After isolation was completed, the chemically activated 38% hydrogen peroxide bleaching agent was mixed using a syringe-to-syringe method. To show how the bleaching agent travels once it penetrates the tooth as well as how effective it is, it was syringed only onto the incisal half of the teeth (Figure 4). The gel was kept off the gingival barrier to prevent accidental contact with the soft tissue. The gel was left on the teeth for 15 minutes, removed, and reapplied, for a total of two cycles. Normally, a four-cycle regimen of 15 minutes each would have been used, but due to the patient’s youth, it was decided that two cycles would be enough for one treatment. Surgical suction was used to remove the gel, with no rinsing of the teeth between applications. After removal of the second application, the teeth were thoroughly rinsed and high-volume suction was used. The gingival barrier was teased away from the tissues with an explorer, followed by another thorough rinse. It has been reported that the adverse effects of bleaching on bond strengths lasts approximately 7 days, so it is crucial to wait at least that long after completion of bleaching before performing any bonding treatments, including repositioning brackets.22
|Figure 4: The bleaching agent is only on the incisal. Figure 5: The maxillary teeth are clearly whiter.|
Three weeks after the bleaching treatment, the patient returned to the office for evaluation of the bleaching effects. A bracket was removed to show that there was no dark area where the bleach did not have direct contact with the surface of the tooth. When the maxillary bleached teeth were compared with the mandibular unbleached teeth, a significant whitening effect was obvious (Figure 5).

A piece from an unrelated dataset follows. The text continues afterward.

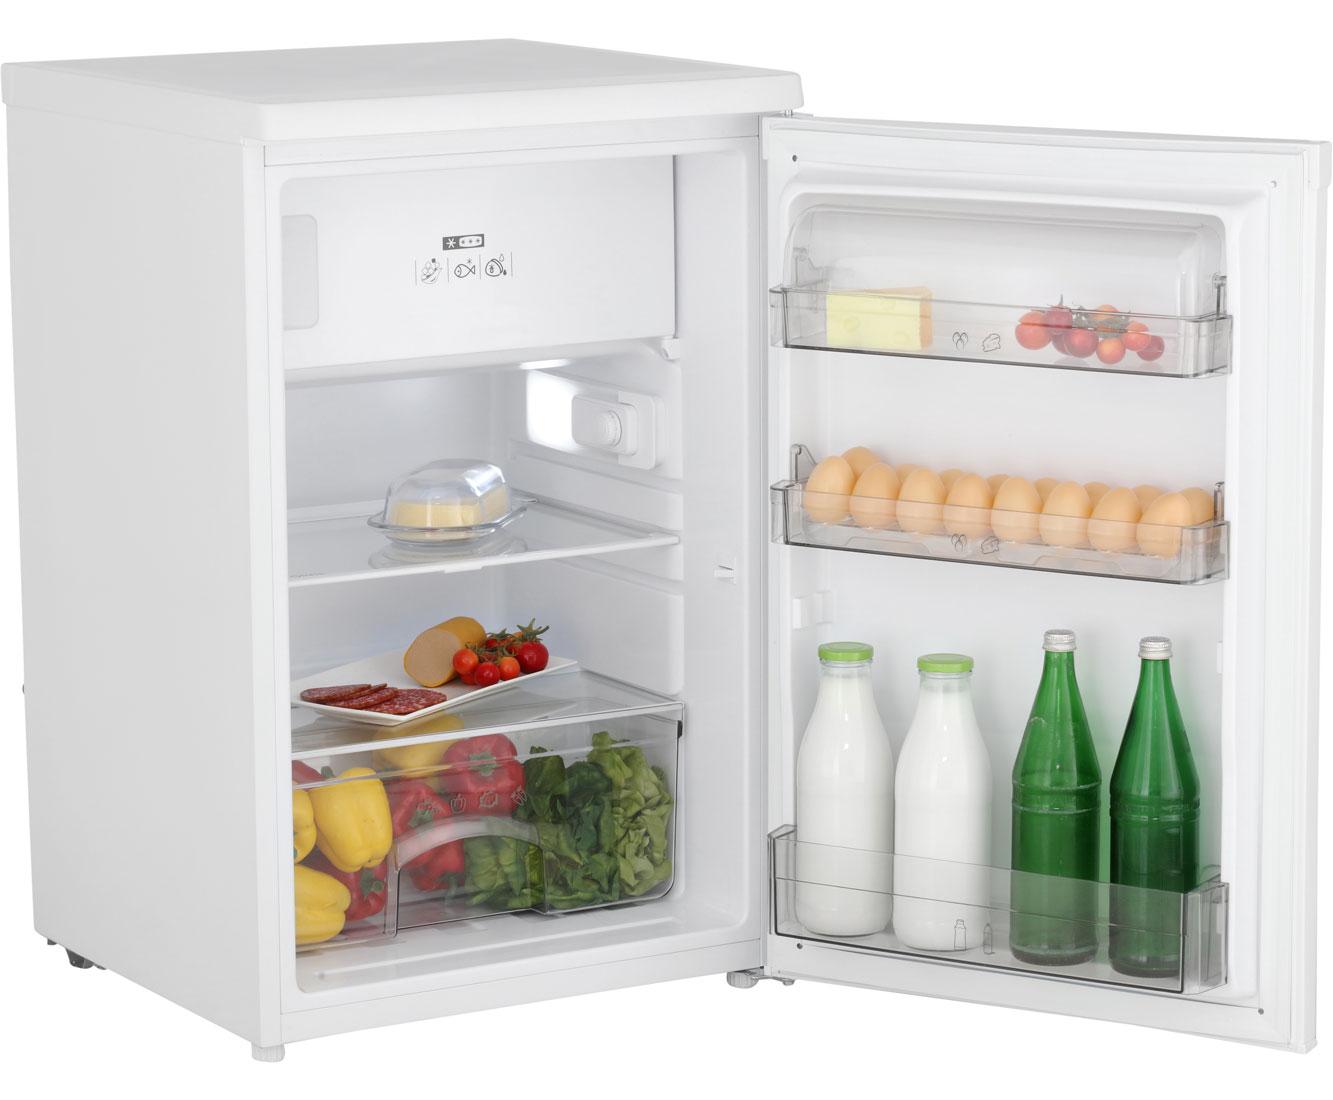 Kühlschrank Exquisit : Exquisit ks a kühlschrank freistehend cm weiss neu ebay
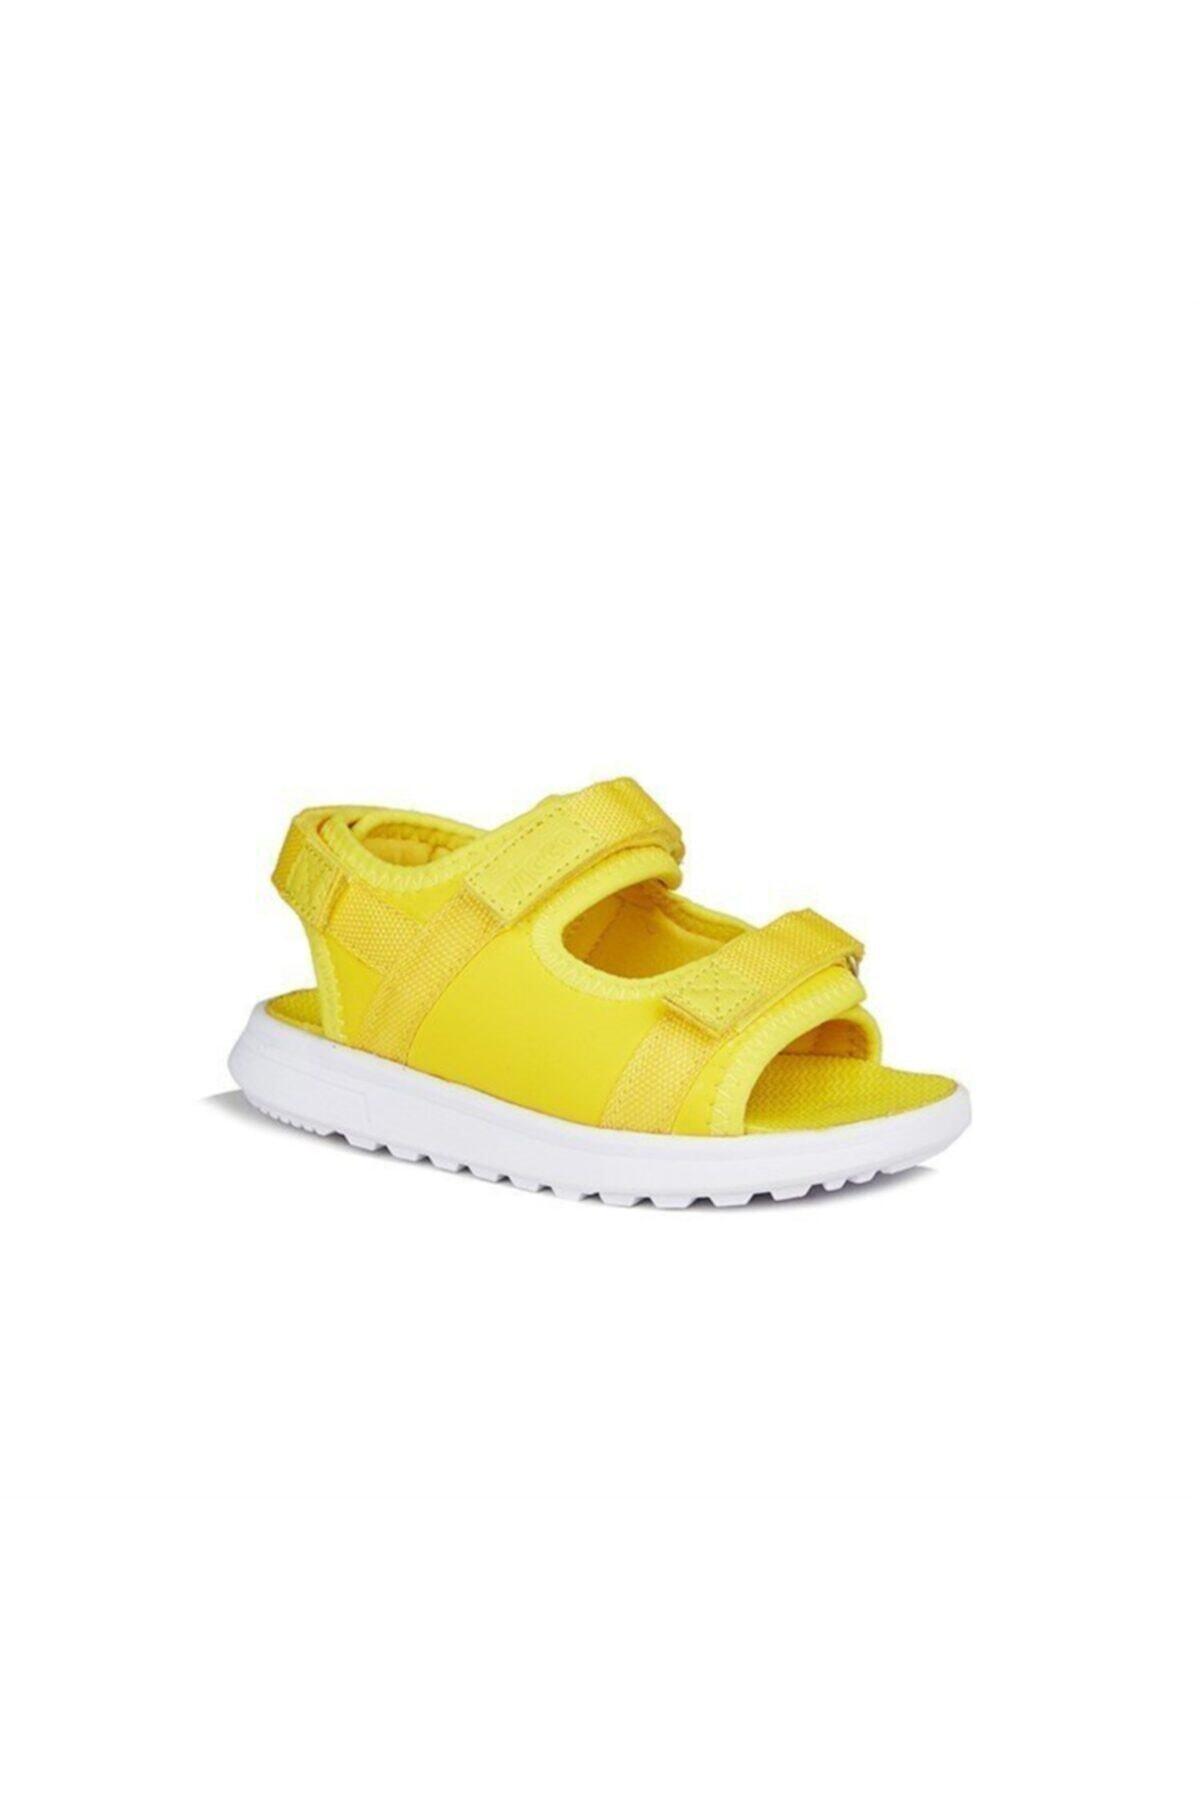 صندل بچه گانه پسرانه خاص برند Vicco رنگ زرد ty42350377

It is important to remember not only the health issues associated with patients undergoing orthodontic treatment, but also their aesthetic needs during and after treatment. Appealing to their desire for aesthetic enhancement may be one of the most effective means of improving the health of the soft tissues and protecting the teeth by increasing the microhardness of the enamel, making them less impervious to decay. Using at-home tray delivery of prefilled adaptable disposable trays or providing in-office treatments are excellent and easy methods of getting your patients to “clean up their act.”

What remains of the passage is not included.